50 Cent’s Music May Help You Get A Job?

Before heading out to an important job interview, listening to 50 Cent’s “In Da Club” could give people a competitive advantage over other applicants: you’ll get confidence. In a study pub...
50 Cent’s Music May Help You Get A Job?
Written by Val Powell

Before heading out to an important job interview, listening to 50 Cent’s “In Da Club” could give people a competitive advantage over other applicants: you’ll get confidence. In a study published by The Society for Personality and Social Psychology, researchers found that bass-heavy music such as “In Da Club” made people feel more confident before going into job interviews.

Researchers Dennis Y. Hsu, Li Huang, Loran F. Nordgren, Derek D. Rucker and Adam D. Galinsky tested “high-power” or bass-heavy songs as well as “low-power” songs on subjects. Among the “high-power” tracks, they tested were “In Da Club,” Queen’s “We Will Rock You,” and 2 Unlimited’s “Get Ready For This”. Meanwhile, they chose Notorious B.I.G.’s “Big Poppa,” Fatboy Slim’s “Because We Can,” and Baha Men’s “Who Let The Dogs Out?” as “low-power” tracks. Researchers found that “high-power” songs could inspire people to make good impressions at job interviews, while listening to “low-power” songs made test subjects feel meeker and score lower on a test that required the use of abstract thinking.

“Just as professional athletes might put on empowering music before they take the field to get them in a powerful state of mind, you might try this in certain situations where you want to be empowered,” said Rucker, one of the researchers and a professor of marketing at the Kellogg School of Management.

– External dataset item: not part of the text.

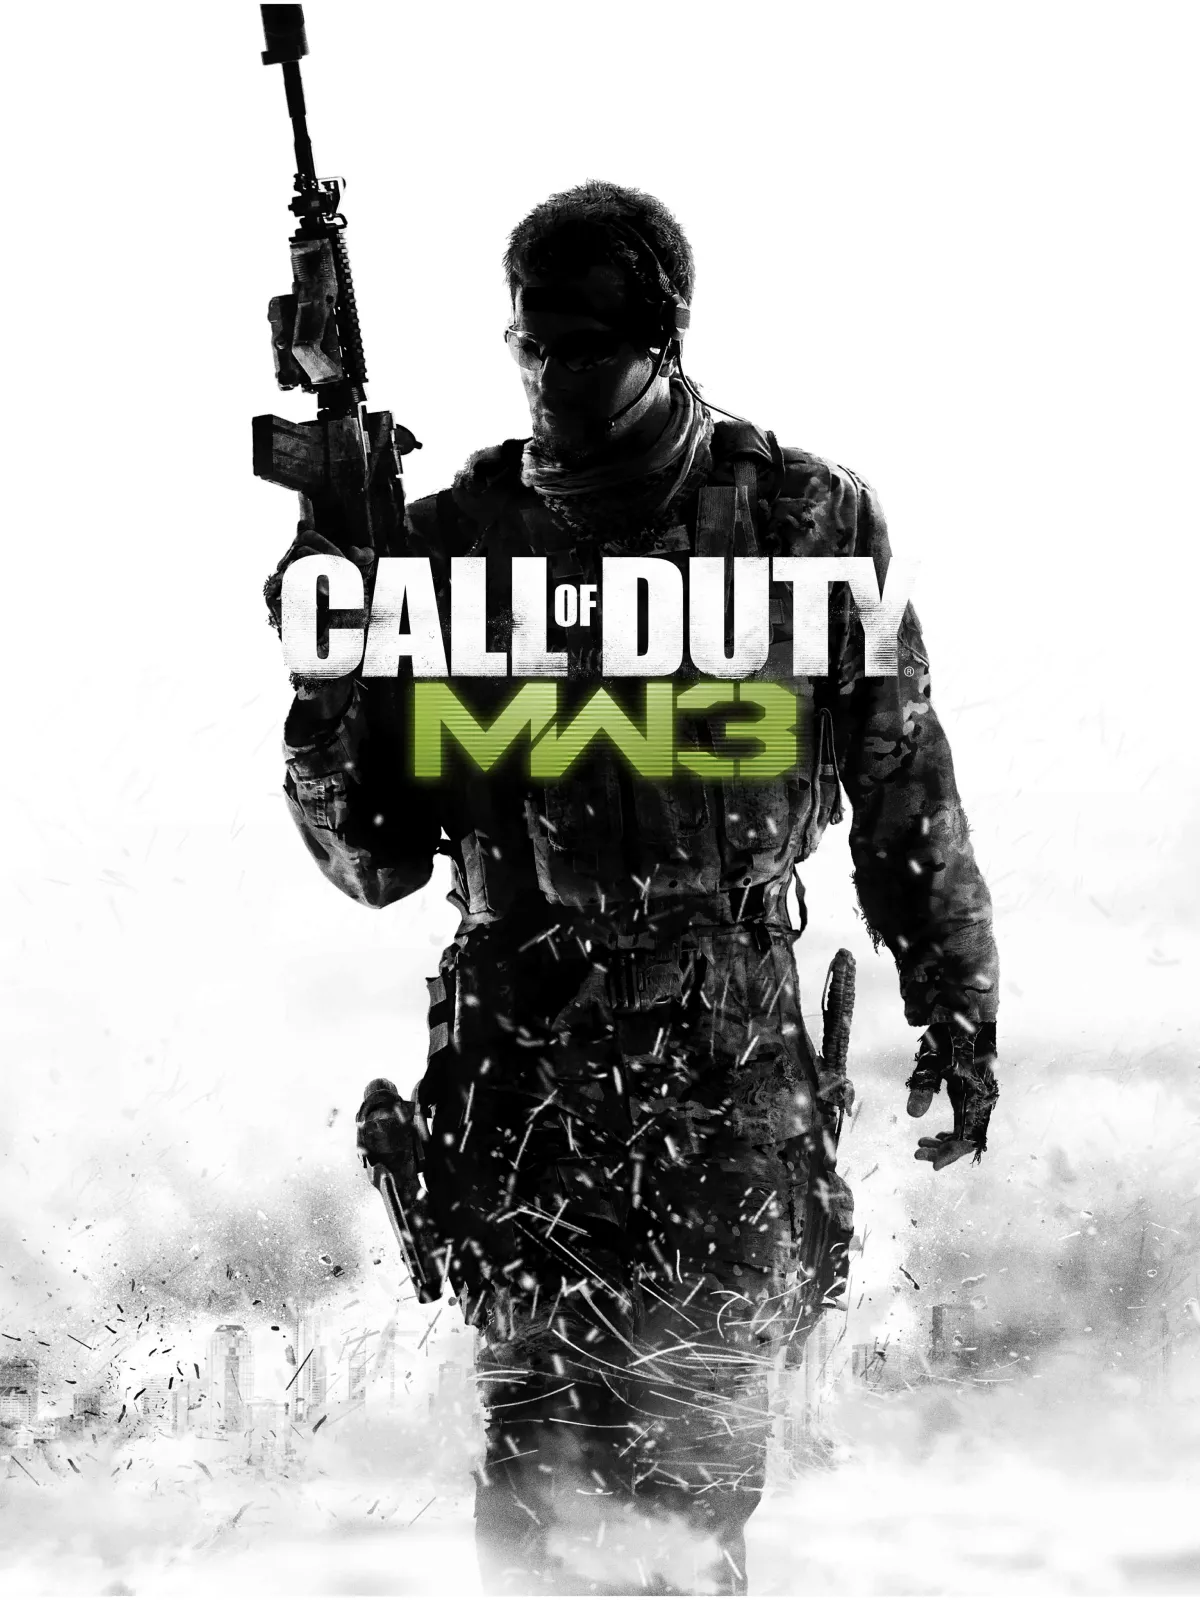 Call of Duty мв3. Call of Duty: Modern Warfare 3: Defiance. Call of Duty: Modern Warfare 3 обложка. Фото Call of Duty mw3. Купить кал оф дьюти модерн варфаер 3

Researchers selected these songs by first playing them to subjects and asking them to rate the tracks according to their feeling of empowerment. They found the “low-power” songs by playing tracks with similar style as the first set (sports music and hip-hop) and choosing the lowest-rated for empowerment. These songs were then played to an entirely new set of test subjects. The study can be used to determine how music can affect the workplace, advertising or other situations that can benefit from the feeling of empowerment.